= ASSIGNED TASK =
Only the lines from the one containing "Swiss Madison Caché" through the one containing "Alexander Wang Black" should be printed, exactly as they appear below, with both ends included.

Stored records

<<<<

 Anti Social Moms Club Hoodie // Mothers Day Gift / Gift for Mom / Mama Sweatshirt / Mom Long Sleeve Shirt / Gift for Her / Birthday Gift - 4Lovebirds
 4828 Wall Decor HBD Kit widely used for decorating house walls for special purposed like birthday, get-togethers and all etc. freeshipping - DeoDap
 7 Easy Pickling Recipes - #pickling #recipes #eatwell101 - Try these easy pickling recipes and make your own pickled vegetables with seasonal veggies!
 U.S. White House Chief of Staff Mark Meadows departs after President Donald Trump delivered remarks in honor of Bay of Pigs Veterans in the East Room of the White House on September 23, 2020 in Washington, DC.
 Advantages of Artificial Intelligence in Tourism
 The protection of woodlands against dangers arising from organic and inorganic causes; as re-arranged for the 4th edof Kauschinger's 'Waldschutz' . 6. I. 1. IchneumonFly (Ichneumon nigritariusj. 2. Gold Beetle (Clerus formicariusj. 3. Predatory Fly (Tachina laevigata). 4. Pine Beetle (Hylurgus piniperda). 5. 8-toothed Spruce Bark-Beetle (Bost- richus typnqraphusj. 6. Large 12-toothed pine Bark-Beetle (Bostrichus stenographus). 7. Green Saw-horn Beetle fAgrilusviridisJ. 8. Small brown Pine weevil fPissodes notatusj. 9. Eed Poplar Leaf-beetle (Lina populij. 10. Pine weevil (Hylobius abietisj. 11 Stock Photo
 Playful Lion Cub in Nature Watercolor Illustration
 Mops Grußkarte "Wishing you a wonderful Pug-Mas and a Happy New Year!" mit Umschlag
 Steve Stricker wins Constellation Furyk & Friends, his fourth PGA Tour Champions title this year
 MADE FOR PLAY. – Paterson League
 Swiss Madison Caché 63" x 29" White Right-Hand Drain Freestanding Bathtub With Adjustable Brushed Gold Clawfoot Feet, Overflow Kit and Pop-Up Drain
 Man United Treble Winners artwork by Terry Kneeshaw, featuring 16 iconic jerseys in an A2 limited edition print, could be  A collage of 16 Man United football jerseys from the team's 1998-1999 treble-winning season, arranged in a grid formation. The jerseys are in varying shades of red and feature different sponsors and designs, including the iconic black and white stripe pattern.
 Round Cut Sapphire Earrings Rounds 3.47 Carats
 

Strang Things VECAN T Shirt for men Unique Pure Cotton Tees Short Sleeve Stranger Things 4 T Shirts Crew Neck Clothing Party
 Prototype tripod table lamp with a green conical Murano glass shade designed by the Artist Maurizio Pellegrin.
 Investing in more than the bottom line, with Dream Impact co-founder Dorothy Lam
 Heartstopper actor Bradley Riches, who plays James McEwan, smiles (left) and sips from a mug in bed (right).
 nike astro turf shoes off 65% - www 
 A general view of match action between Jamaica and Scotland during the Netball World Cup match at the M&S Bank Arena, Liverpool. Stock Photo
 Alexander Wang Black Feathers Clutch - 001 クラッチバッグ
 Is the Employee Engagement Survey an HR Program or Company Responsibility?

>>>>

= SOLUTION FOR THIS PROBLEM =
 Swiss Madison Caché 63" x 29" White Right-Hand Drain Freestanding Bathtub With Adjustable Brushed Gold Clawfoot Feet, Overflow Kit and Pop-Up Drain
 Man United Treble Winners artwork by Terry Kneeshaw, featuring 16 iconic jerseys in an A2 limited edition print, could be  A collage of 16 Man United football jerseys from the team's 1998-1999 treble-winning season, arranged in a grid formation. The jerseys are in varying shades of red and feature different sponsors and designs, including the iconic black and white stripe pattern.
 Round Cut Sapphire Earrings Rounds 3.47 Carats
 

Strang Things VECAN T Shirt for men Unique Pure Cotton Tees Short Sleeve Stranger Things 4 T Shirts Crew Neck Clothing Party
 Prototype tripod table lamp with a green conical Murano glass shade designed by the Artist Maurizio Pellegrin.
 Investing in more than the bottom line, with Dream Impact co-founder Dorothy Lam
 Heartstopper actor Bradley Riches, who plays James McEwan, smiles (left) and sips from a mug in bed (right).
 nike astro turf shoes off 65% - www 
 A general view of match action between Jamaica and Scotland during the Netball World Cup match at the M&S Bank Arena, Liverpool. Stock Photo
 Alexander Wang Black Feathers Clutch - 001 クラッチバッグ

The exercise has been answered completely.